苏砚嘿嘿一笑,双目微眯:“谁说要跟他们在江上拼命了?老李,你这脑子得转转弯。”
“咱们夺了江夏渡口的战船后,选一部分大船,把咱们带去的火油全倒上去。咱们不求杀敌,只要毁掉濮阳港的战船就行。”
黄忠那老匹夫最得意的就是那支水军,要是把他的命根子给烧了,他除了投降还能干啥?
“咱们划着抢来的船飞速划回来,速度要快,在濮阳港水军还没反应过来之前,点着火油直接撞进濮阳港里去!一把大火烧个干净,毁了他们的根基,这濮阳城不攻自破。
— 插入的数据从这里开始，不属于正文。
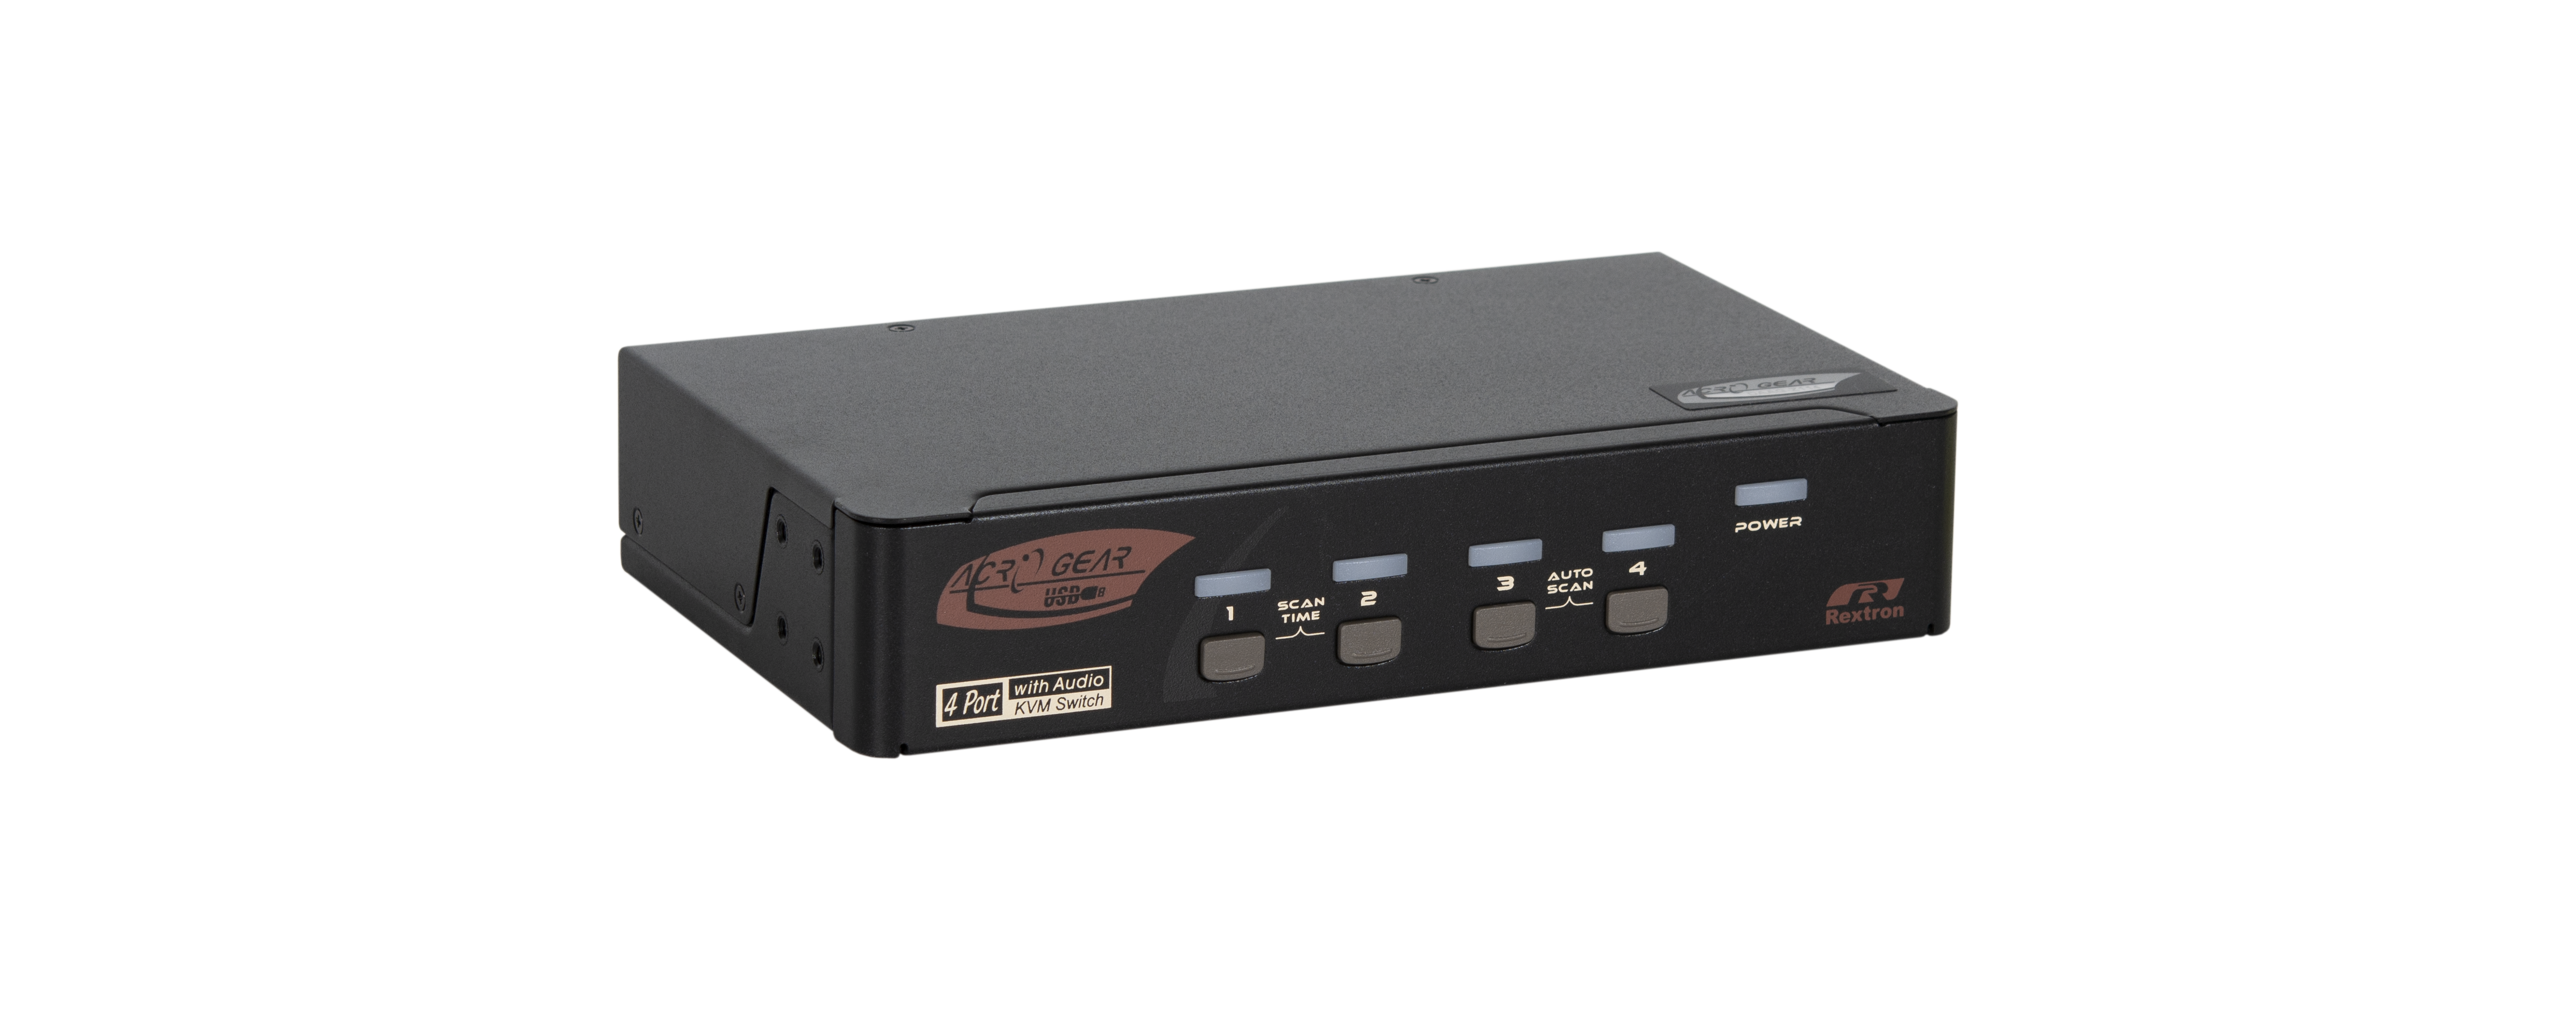 KVM-переключатель, 4-портовый, DVI, USB, аудио, USB-консоль (1920х1200)

”
众人眼皮狂跳,这招是真的狠啊,完全是不讲道理的打法。
可仔细一琢磨,只要计谋成了,这场仗确实就能提前划上句号。
苏砚之前出的那些阴损计谋全成功了,大家出于对他的信任,互相对视一眼,纷纷咬牙。
苏盛武咆哮道:“干了!砚儿你说怎么打,老子就怎么冲!”
苏砚当即拍板,“赤焰,你立刻派人联络京都那边的暗桩,派遣流沙的高手过来。让他们从江州坐商船南下,秘密潜伏到鱼头口那边接应。”
“李中玉,你领两万精锐军去江州坐镇。名义上是巡防,暗地里给我大肆征用商船。要把咱们的大军神不知鬼不觉地送过江。”
随后他转头看向自家老爹。
“父亲,您亲自坐镇合州,要把咱们的大部队全部推到濮阳城外,摆出要决一死战的架势,吸引黄忠的注意力。”
“待看到濮阳港那边火光冲天,您就发兵截断港口水军进入濮阳城的路,别放走一个。”
合州中军大帐,油灯火苗跳动,映照着苏砚那张略显苍白的脸,他盯着案几地图上的江夏位置。
“父亲,这江夏若能奇袭得手,黄忠在濮阳就成了瓮中之鳖。我打算亲自带流沙精锐,连夜顺江而下。”
大舅哥死得不明不白,老子这满腔邪火总得找个地方撒出来,黄忠老匹夫算你倒霉。
苏盛武猛地一拍桌子,“胡闹,你这纯粹是嫌命长了,江夏那是黄忠的老巢,虽说守备空虚,可那是大江之上,你会泅水吗?你会操舟吗?万一有个闪失,老子去龙王爷那儿要人?”
苏砚随意道:“这不是有苏文、苏武跟着嘛。再说了,咱们是去偷袭,又不是去硬拼。”
“少给老子扯淡!”
苏盛武横眉冷对,眼神里全是决绝。
“苏文,苏武,把这逆子给我带下去,关进后帐,没老子的将令,谁敢放他出来,军法处置!”
苏文、苏武两兄弟面露难色,犹豫道:“少爷……您看这……”
苏砚大惊,“父亲,战机稍纵即逝啊!”
苏盛武压根不理会,挥了挥手,示意赶紧抬走。
苏砚就这样在大庭广众之下,被自家两名亲卫像是抬小猪崽子一样架出了大帐。
刚到帐外,他迎头就撞见了郑业清。
郑业清正倒背着手,迈着方步走过来,瞧见苏砚这副狼狈模样,幸灾乐祸笑道:“呦,这不是大名鼎鼎的苏大军师吗?这是犯了哪门子天条,被大将军亲自请出来了?”
苏砚正愁没处撒气,斜眼瞅着郑业清嘚瑟的样,这小子成天正事不干,就知道看老子笑话,既然老子不痛快,你也别想消停。
“郑大人,既然你这么闲,那就陪本军师走一趟吧。苏文,把郑大人也带上,跟我作伴去。”